Jamie Smith, the owner of Belle's Smoking BBQ truck in Williamstown, changed the LGBTQ acronym to Liberty, Guns, Bible, Trump and BBQ, WXIX reported. He began selling the T-shirts two years ago.
“I found the acronym on Facebook and I just added the Q,” Smith told the television station.
The original LGBTQ acronym stands for lesbian, gay, bisexual, transgender and questioning affairs.
After selling “nearly 100” T-shirts with his altered acronym, Smith decided to peddle the shirts on Facebook. Now, he is catching some heat from people who believe his play on words is insensitive.
The post, which has since been taken down, was answered with messages labeling the shirts and the promotion "simple bigotry," WXIX reported.
"I posted it at about 6, and at about 10 a.m. is when the threatening calls came," Smith told the Louisville Courier Journal. "Social media went berserk."
Many of the comments came after the Louisville Fairness Campaign group, which fights gender and sexual discrimination, shared the post on its Facebook page, the newspaper reported.
Chris Hartman, the group’s executive director, called Smith’s marketing plan “a bad idea.”

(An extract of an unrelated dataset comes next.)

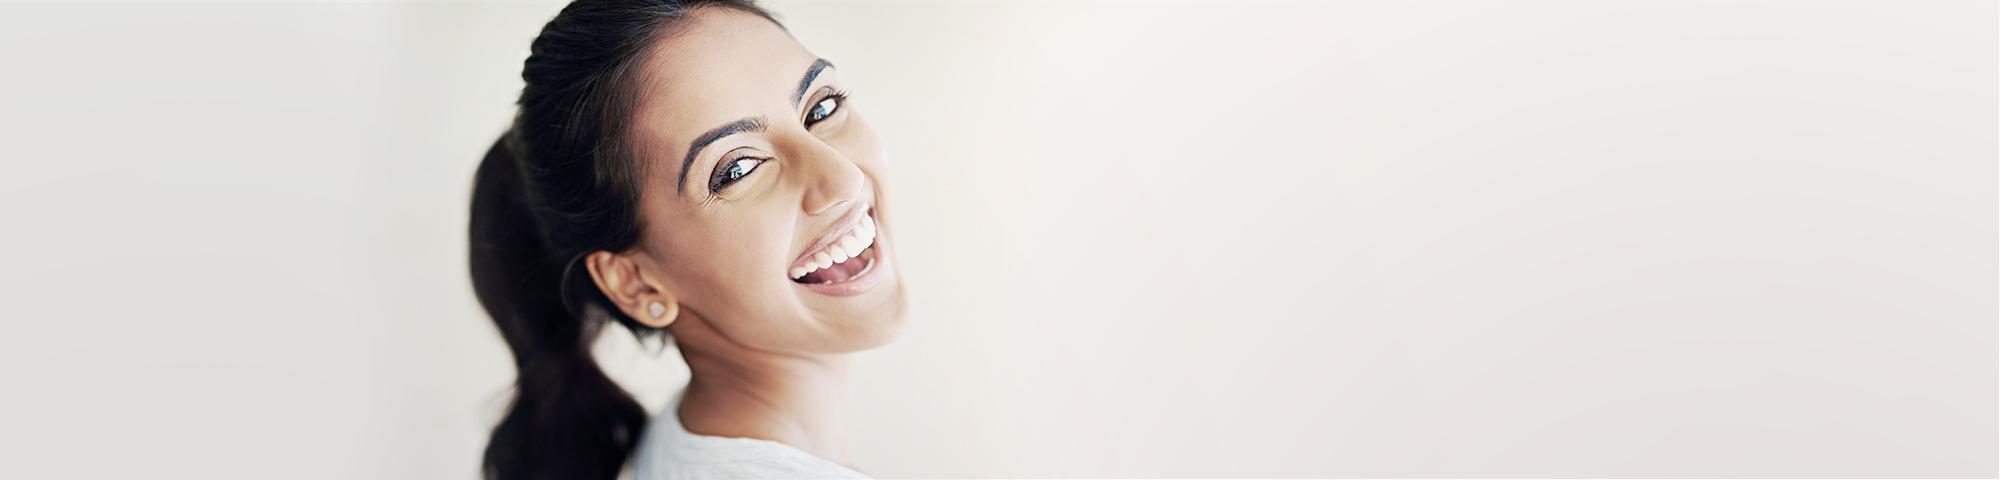 Service dentisterie esthétique
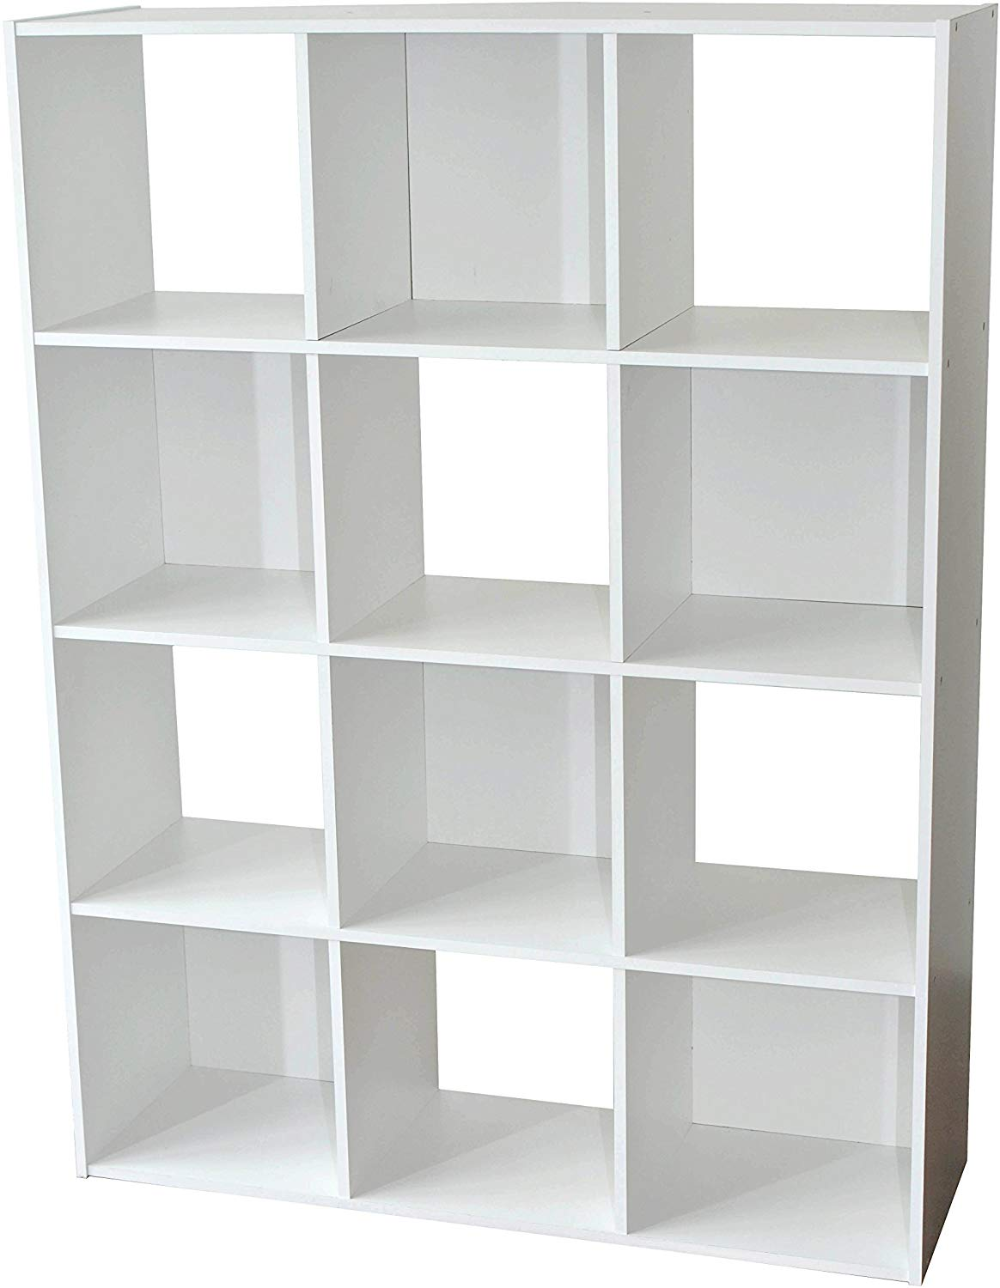 Alsapan Compo Meuble De Rangement 12 Casiers Bibliotheque Etageres Cubes Blanc 92 X 30 X 123 Cm Amazon Fr Cui Meuble Rangement Rangement Bibliotheque Etagere

"The first thing I thought when I saw it was, 'What a bad idea,'" Hartman told the Courier Journal. "What a bad business model, to automatically isolate not just a segment of your potential customer base, but all of their family and friends."
Smith took down the post, WXIX reported, replacing it with a note that read, in part, "We apologize if we have offended any groups of people, organizations or individuals with our shirts. We respect all beliefs and lifestyles and want no ill will towards anyone."
Despite the grilling, Smith said he will continue to sell the shirts, which are currently out of stock.
"At the end of the day we have to stand for what we believe in and. like I said, if I offended anyone that wasn't our intention but it was just a play on words," Smith told WXIX.